One interesting observation made by Huang regarding Lemma 1 (which was already known) is that instead of using the eigenvalues of the adjacency matrix of the graph, we could use any pseudo-adjacency matrix and still arrive at the same conclusion. A pseudo-adjacency matrix of a graph $G$ on $N$ vertices is any $N \times N$ real symmetrix matrix $A$ with the property that $A_{ij} = 0$ whenever the $i$-th vertex is non-adjacent to the $j$-th vertex (in an adjacency matrix we also require $A_{ij} = 1$ for every adjacent pair). If $N^+, N^-$ are the number non-negative/positive eigenvalues of $A$, then from the proof of Lemma 1 using interlacing we again get $\alpha(G) \leq \min \{N^+, N^-\}$.

The flexibility of using the pseudo-adjacency matrix is crucial to Huang’s breakthrough result. In fact, before the proof of the sensitivity conjecture, Huang (in collaboration with Oleksiy Klurman and Cosmin Pohoata) used the same method to give a spectral proof of another theorem on the hypercube, known as Kleitman’s theorem, which is what I want to discuss in this blog post. In particular, I want to give a slightly simplified proof due to Aditya Potukuchi and Amey Bhangale, that my friend Aditya shared with me a few days after Huang’s sensitivity paper appeared on arXiv as an application of his methods, without realising that a spectral proof of this theorem had already appeared in an earlier paper of Huang. Here is the theorem that we will prove:

Theorem 2 (Kleitman). Let $S$ be a set of vectors in $\{0, 1\}^n$ such that the hamming distance between any two vectors in $S$ is at most $d$. Then

$\displaystyle |S| \leq \begin{cases} \sum_{i = 0}^t \binom{n}{i}, \text{ if } d = 2t \\ 2(\sum_{i = 0}^t \binom{n - 1}{i}), \text{ if } d = 2t + 1\end{cases}$.

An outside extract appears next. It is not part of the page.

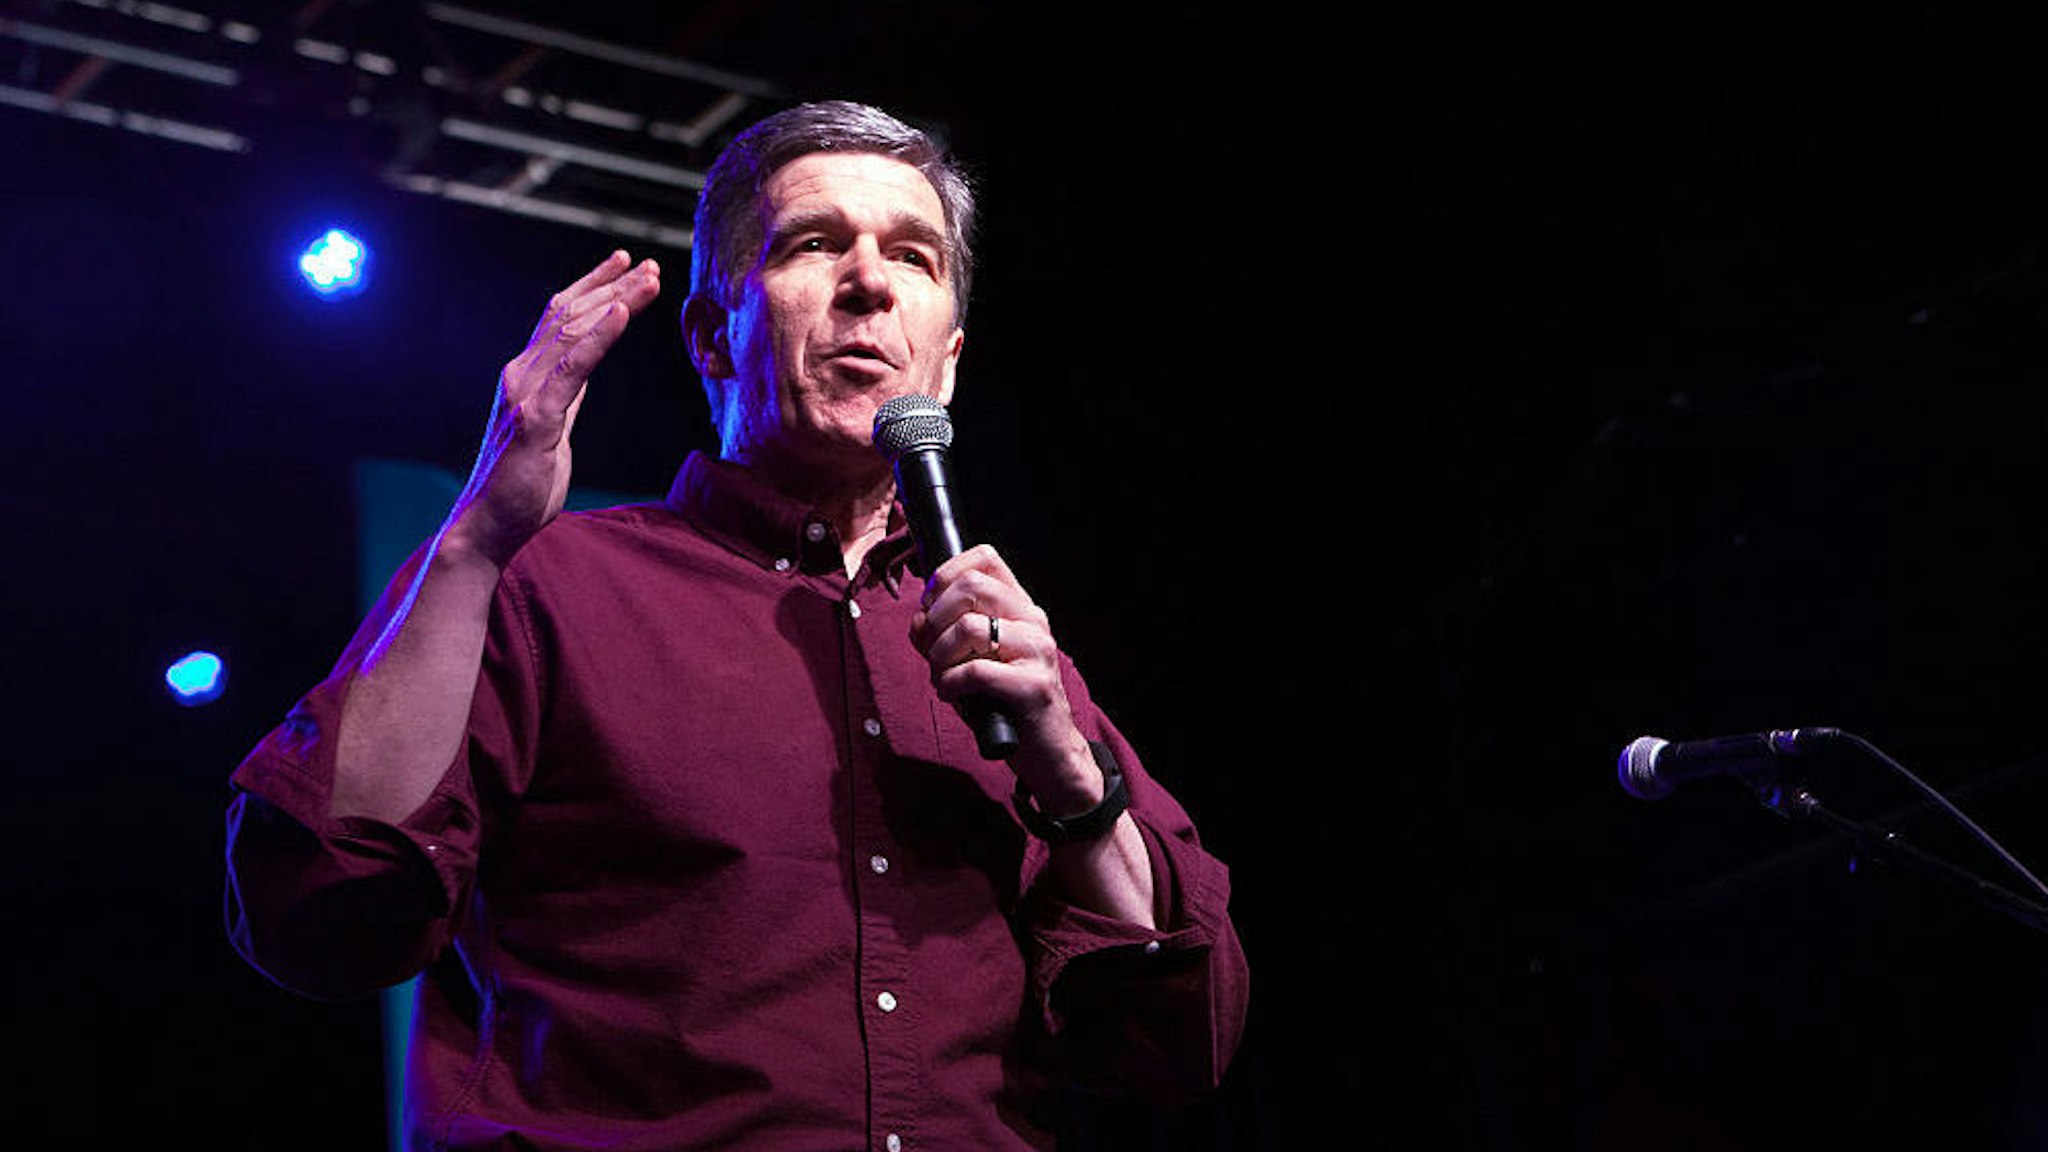 North Carolina gubernatorial candidate Roy Cooper speaks during Get Out the Vote at The Fillmore Charlotte on November 6, 2016 in Charlotte, North Carolina. (Photo by Jeff Hahne/Getty Images)
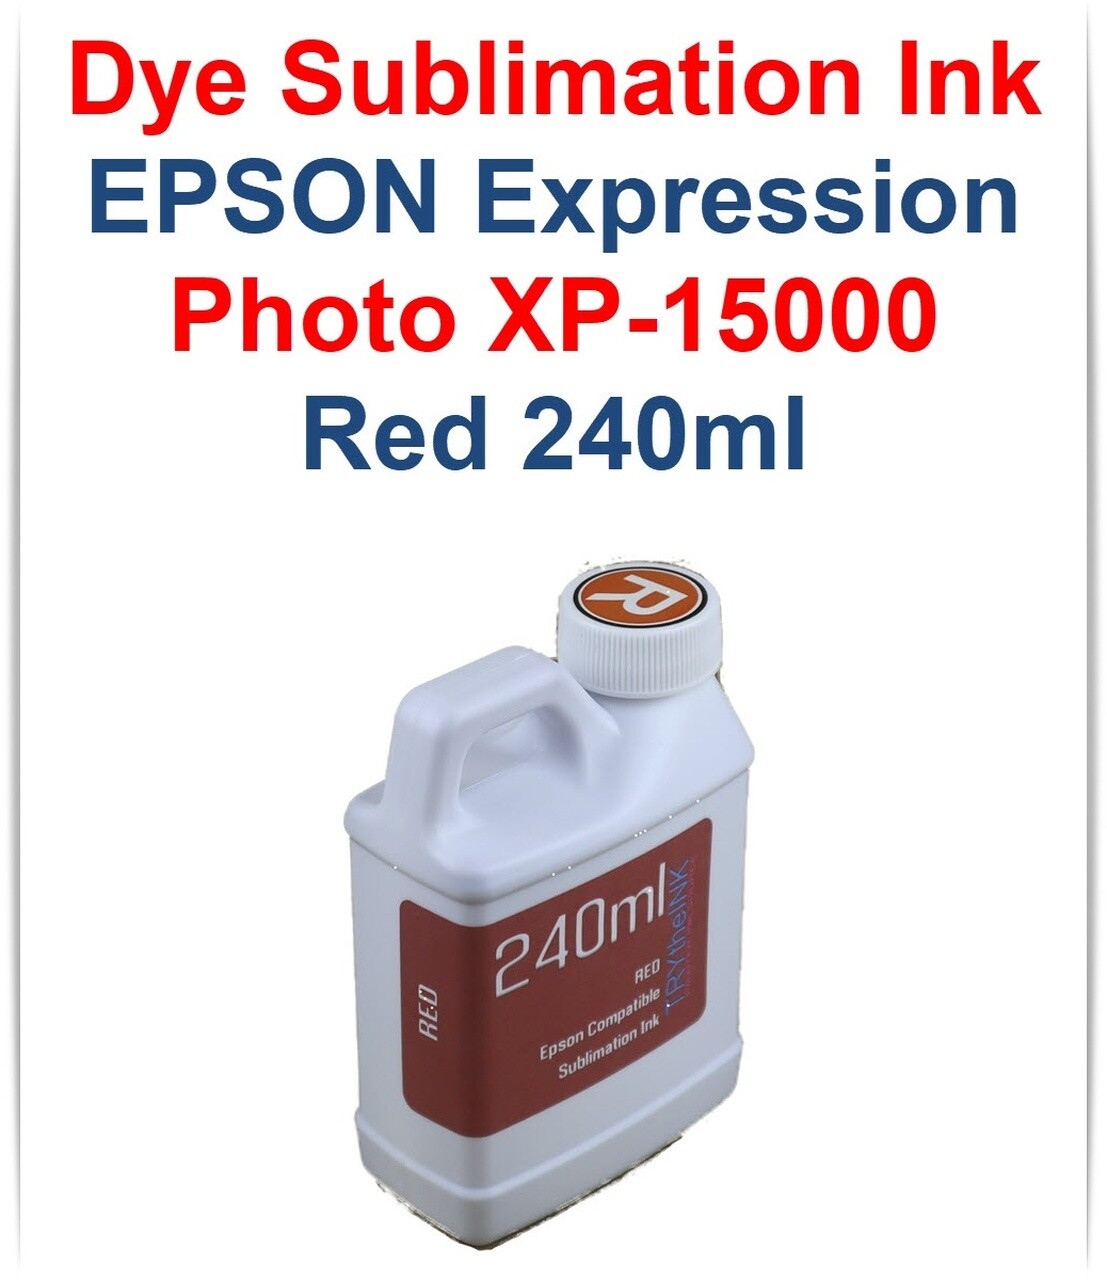 Red Dye Sublimation Ink 240ml for Epson Expression Photo HD XP-15000 printer

(This can be seen as the discrete analog of the isodiametric theorems in real geometry where one wants to find the largest volume of a set of points with a given diameter.)

To use Lemma 1 above, we will naturally consider the graph $G$ on $Q_n = \{0, 1\}^n$ where two vectors are adjacent if the hamming distance between them is at least $d + 1$, because then any independent set in this graph corresponds to such a set $S$ in the theorem. What are the eigenvalues of the graph $G$?

The boolean hypercube, $Q_n$, and the graphs defined on it using hamming distance are well studied objects. One way of computing the eigenvalues of $G$ is to look at it as the Cayley graph Cay$(\mathbb{Z}_2^n, \mathbb{Z}_2^n \setminus B_d^n)$, where $B_d^n$ is the Hamming ball of radius $d$, that is, all vectors whose Hamming weight is at most $d$. From the basic theory of Cayley graphs, it then follows that $G$ has $n + 1$ distinct eigenvalues $\lambda_0, \lambda_1, \dots, \lambda_n$ with

$\displaystyle \lambda_i = \sum_{k = d + 1}^n \mathcal{K}_k^n(i)$

appearing with multiplicity $\binom{n}{i}$, where $\mathcal{K}_k^n(i)$ is the Kravchuk polynomial evaluated at $i$, defined as

$\displaystyle \mathcal{K}_k^n(x) = \sum_{j = 0}^k (-1)^j \binom{x}{j} \binom{n - x}{k - j}.$

Note that $\mathcal{K}_k^n(x)$ is a polynomial of degree $k$. For ease of notation, we will skip the superscript from now on and just write $\mathcal{K}_k$ instead. These polynomials have several nice properties, and we will use the following symmetry (or should it be called anti-symmetry?):

$\displaystyle \mathcal{K}_k(i) = (-1)^i \mathcal{K}_{n - k}(i)$

which lets us see the evaluation of a degree $k$ polynomial at $i$ as the evaluation of a degree $n - k$ polynomial at $i$, up-to a factor of $(-1)^i$. This fact will come in handy later.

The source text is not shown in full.